Basic Linux references:
http://www.sans.org/infosecFAQ/linux/linux_list.htm
- The SANS Reading room: Linux issues (used Google's cache),
- the LASG or Linux Administrator's Security Guide,
- Securing Optimizing Linux RH Edition(1),
- Linux Security HOWTO,
*Linuxsecurity.com have a Quickreference pdf card.
Post-Installation Security Procedures (Linuxjournal)
- Security Quick-Start HOWTO for Linux,
- The Linux-PAM System Administrators' Guide
- Armoring Linux,
- A Short Course on Systems Administration and Security Under Unix(1)
- SAG: The Linux System Administrator's Guide,
- Basics on firewalling: www.linuxdoc.org/HOWTO/Firewall-HOWTO.html
- Basic introduction to building ipchains rules: www.linuxdoc.org/HOWTO/IPCHAINS-HOWTO.html
- Explanation of the Ipchains logformat: logi.cc/linux/ipchains-log-format.php3
- Ipchains log decoder: dsl081-056-052.dsl-isp.net/dmn/decoder/decode.php
- The Iptables HOW-TO: http://people.unix-fu.org/andreasson/index.html
- LQ notes on Linksys security: http://www.linuxquestions.org/questions/showthread.php?postid=157007#post157007
Neohapsis archives: http://www.neohapsis.com
Linux Gazette: http://www.linuxgazette.com
Experts exchange: http://www.experts-exchange.com
Linuxsecurity.com, SecurityFocus.com
Matt's Unix Security Page: http://www.deter.com/unix/

Yes, a firewall is always a good thing even on a Linux machine especially if you have a dedicated 24/7 connection to the internet.
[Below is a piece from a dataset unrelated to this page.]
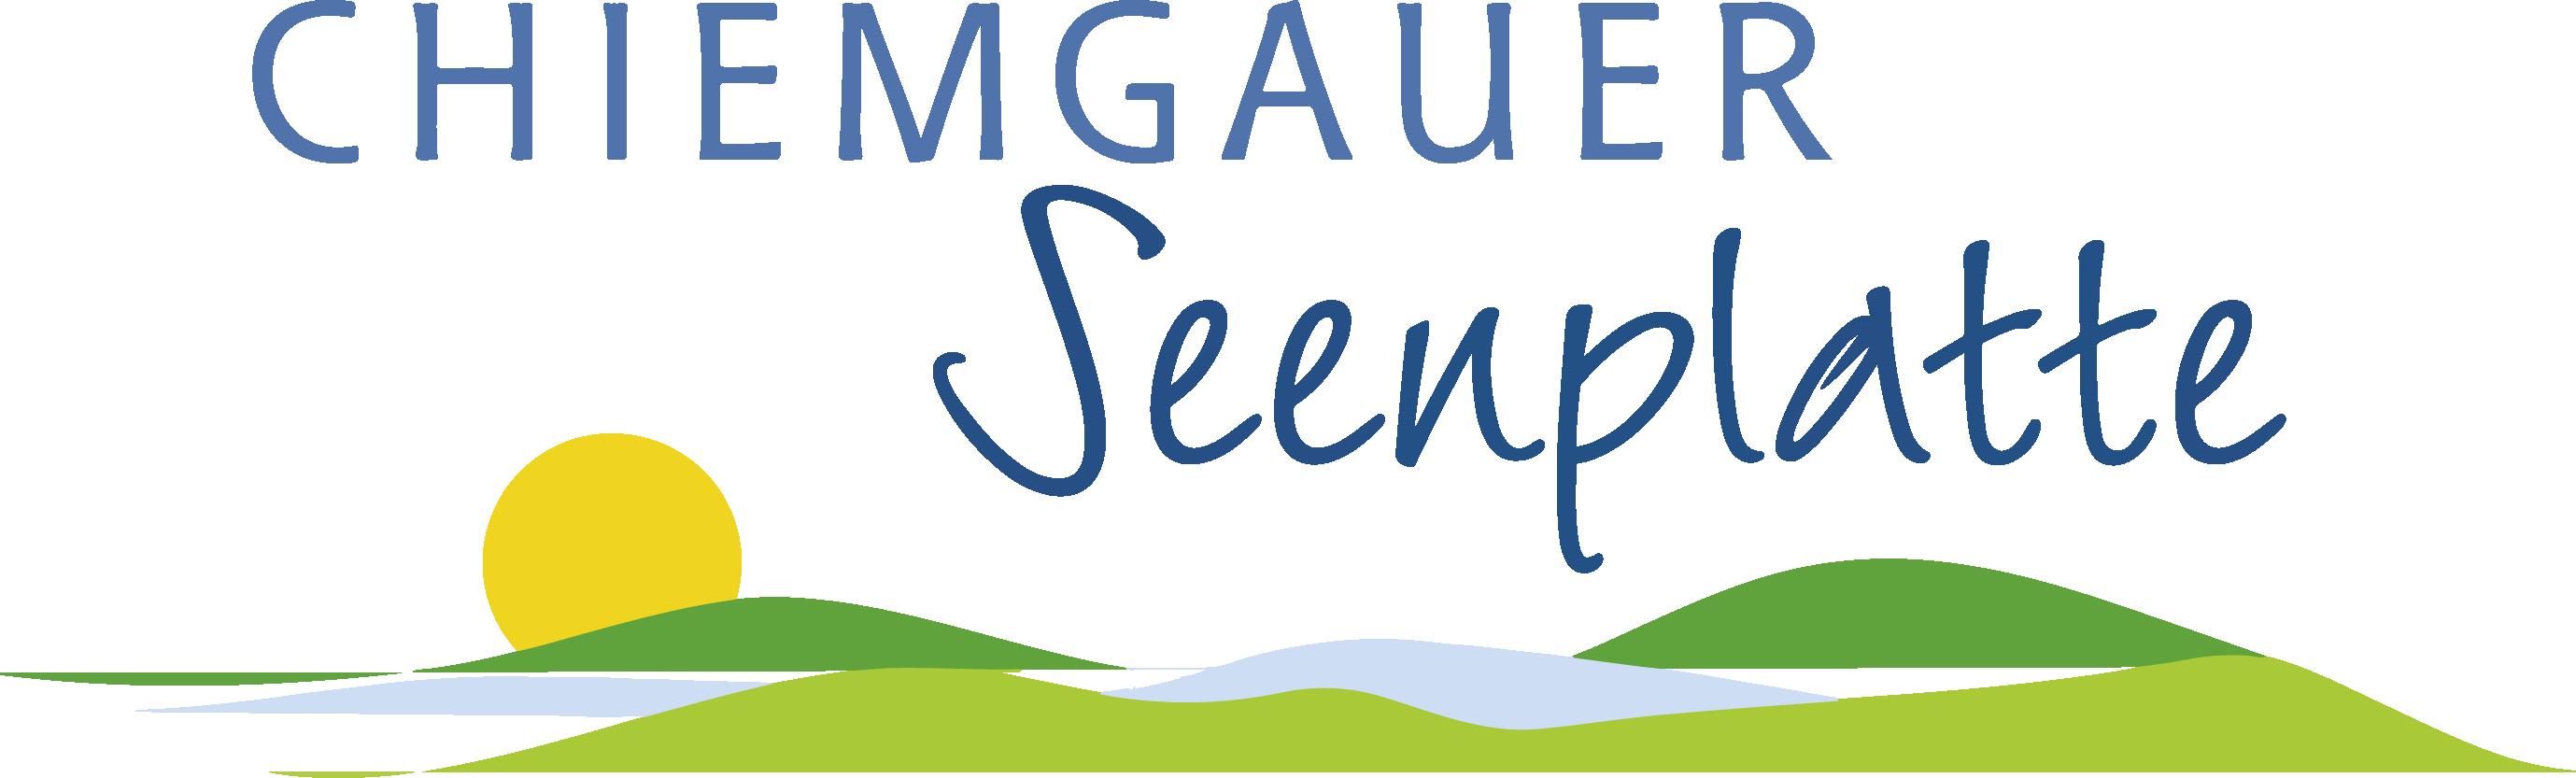 Regionalinitiative Chiemgauer-Seenplatte e.V.

Lots of people out there that run the gamut from serious cracker who scans a whole block of IP addresses looking for a certain port that he/she specialize in exploiting to the script kiddie in IRC rooms that is bored and/or wanting to prove himself.
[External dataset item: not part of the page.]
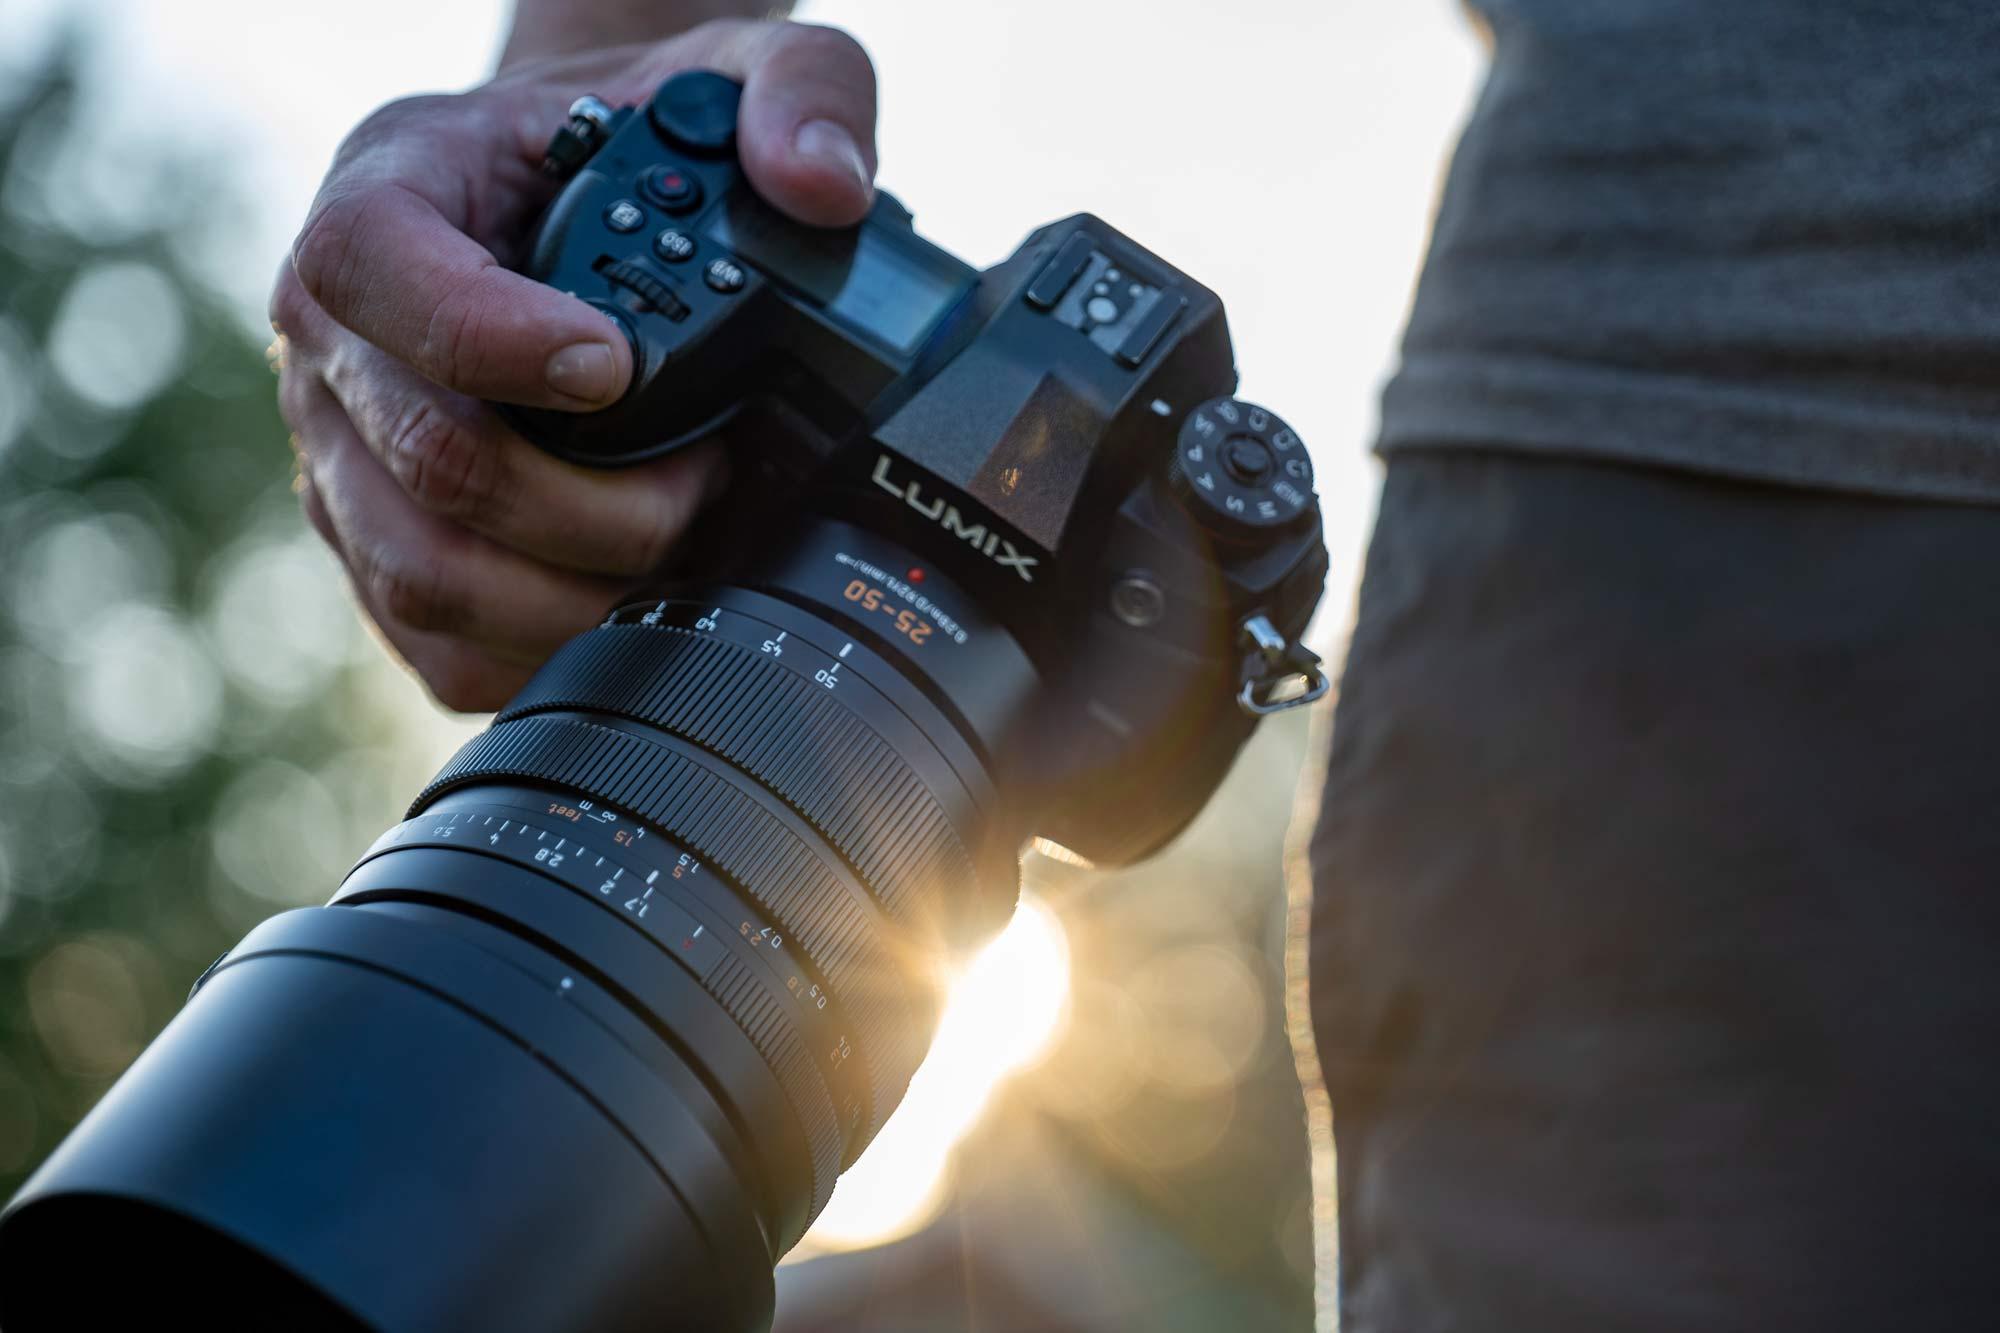 Panasonic Leica 25-50mm f/1.7 Zoomobjektiv

It's good you have Mandy. If I'm not mistaken, Bastille comes with the distro. It is one of the easiest firewall programs to configure. You'll open up a shell, change to root then run: InteractiveBastille
You'll be asked a series of questions, you answer them and then save your selections and the appropriate config files will be set up according to what you tell it. It is also very handy if you plan on doing NAT for internet sharing with other computers you might have lying around. Just make sure you have iptables installed.

Good luck.

Wow, they weren't kidding when they say the linux community is the most generous.

Looks like I have a lot of reading to to... Thanks everyone for all the tips and that huge list of resources (unSpawn).